Case Study: Dubawa Audio
Dubawa Audio is an innovative AI-powered tool developed by the Centre for Journalism Innovation and Development (CJID) to address the…
Dubawa Audio is an innovative AI-powered tool developed by the Centre for Journalism Innovation and Development (CJID) to address the challenges of monitoring and fact-checking radio content in sub-Saharan Africa. This case study explores the journey from ideation to implementation, highlighting key lessons for small newsrooms in the region looking to adopt AI solutions.
Background
Radio is the primary mass media in Africa, especially in rural areas where internet penetration is low, making it crucial for information dissemination and fact-checking. The vast amount of radio content produced daily makes manual monitoring and fact-checking nearly impossible. There was a need for an automated solution to transcribe, archive, and extract claims from radio shows.
As the Head of Innovation at CJID, Monsur Hussaine, explained, they “set out to achieve this [Dubawa] because the radio is the mass media in Africa. That’s where the majority of Africans get their news. Yet there’s no documentation on the radio.”
The sheer number of radio stations, many of which run 24 hours a day, makes it nearly impossible for any human to effectively track and analyse all the content and information being disseminated on the platform. As a result, fact-checkers have traditionally struggled to keep up with misinformation and disinformation spread on radio programs.

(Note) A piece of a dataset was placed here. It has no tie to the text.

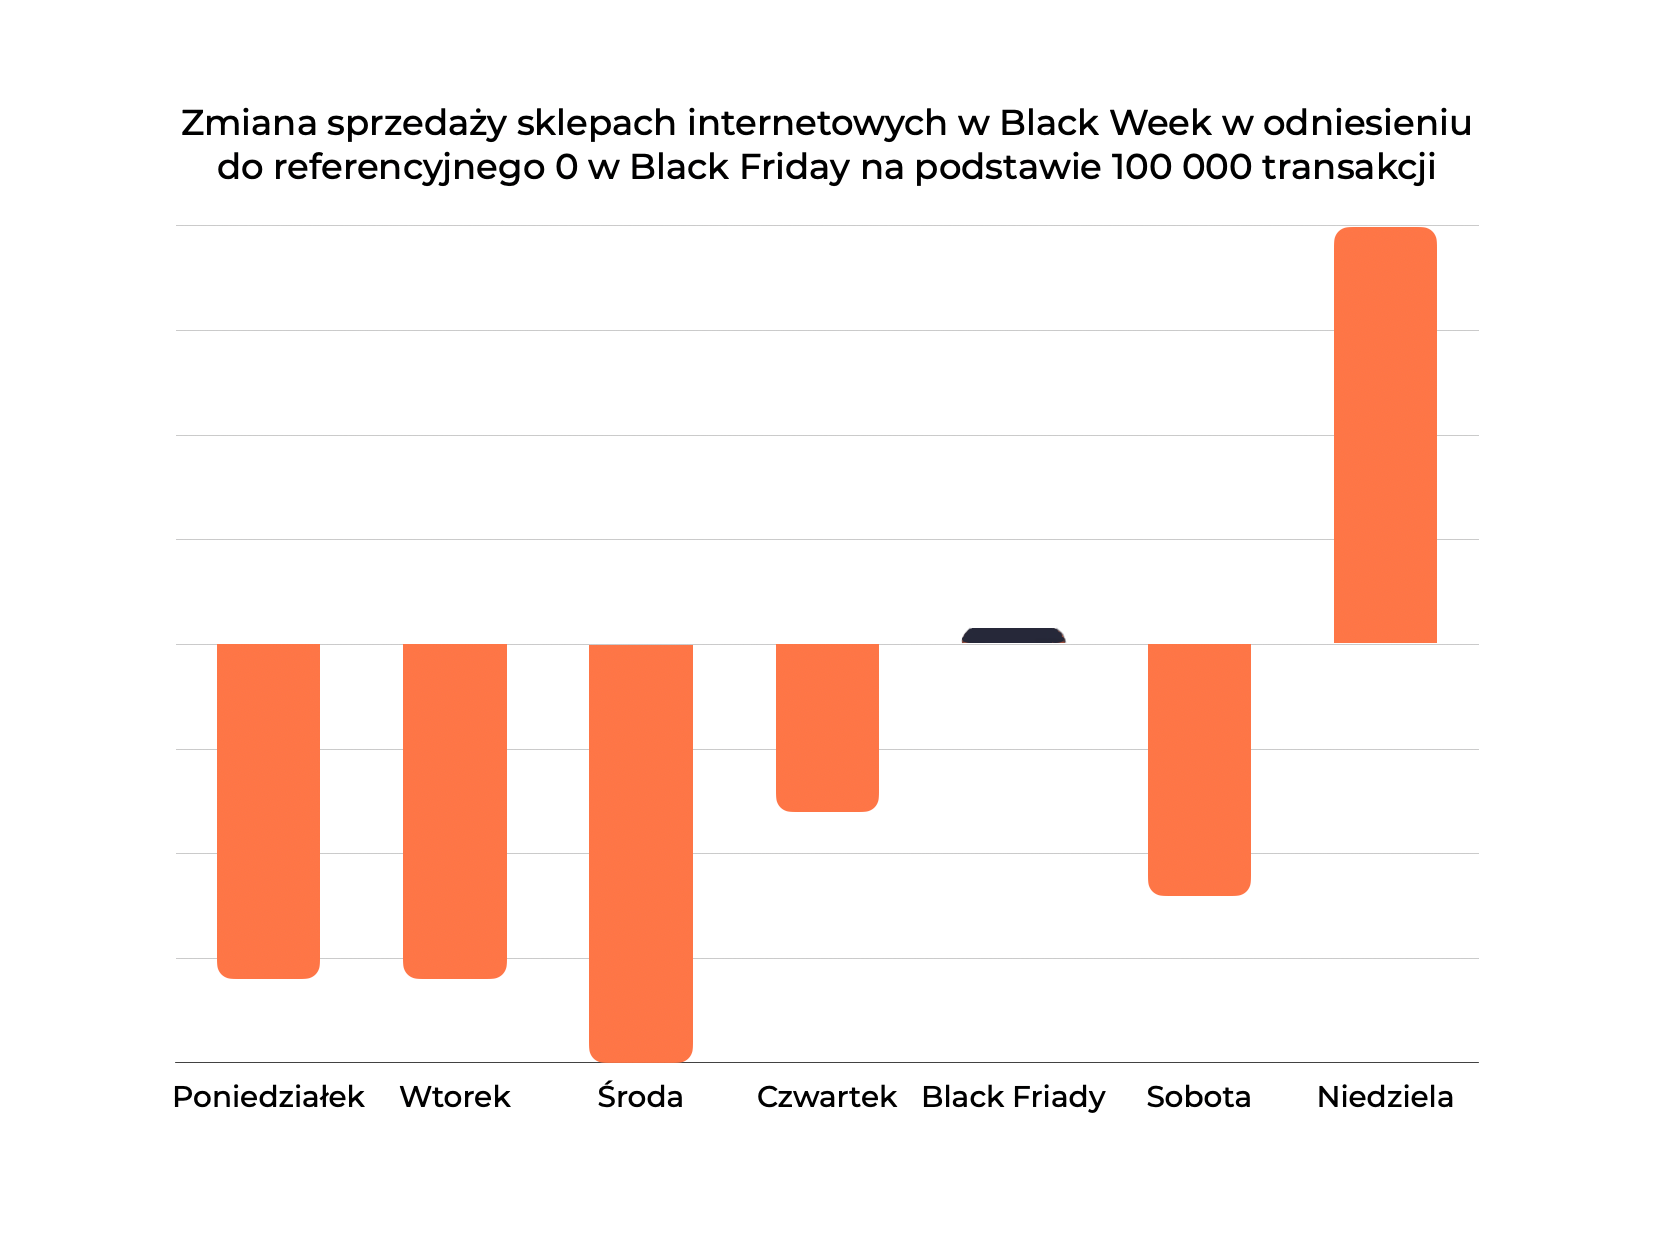 Insight 1: Na podstawie próby badawczej 100 000 transakcji w ciągu Black Week, okazuje się, że w Polsce najczęściej kupujemy w niedzielę po Black Friday

CJID decided to improve monitoring efficiency by automation. “That was why we set out to build a tool that’d monitor the information being disseminated on the radio, by transcribing, archiving and extracting claims from the radio shows”, says Hussain.
Ideation: Identifying the Need for Dubawa Audio AI
The ideation process for Dubawa Audio AI began with recognising the documentation gap in radio content, despite its cultural importance in Africa. The team conducted user research and feasibility studies with journalists and fact-checkers to understand the challenges they faced. They identified specific examples, like the Brekete show, where disinformation flourished due to a lack of efficient monitoring and the show’s emotional appeal. This led to the conception of a tool that could automate the processes of monitoring, transcription, and claim identification.
Through this process, the vision for Dubawa Audio AI took shape as a solution that would use artificial intelligence to transform how radio content is monitored and fact-checked across Africa, addressing a critical need in the fight against misinformation.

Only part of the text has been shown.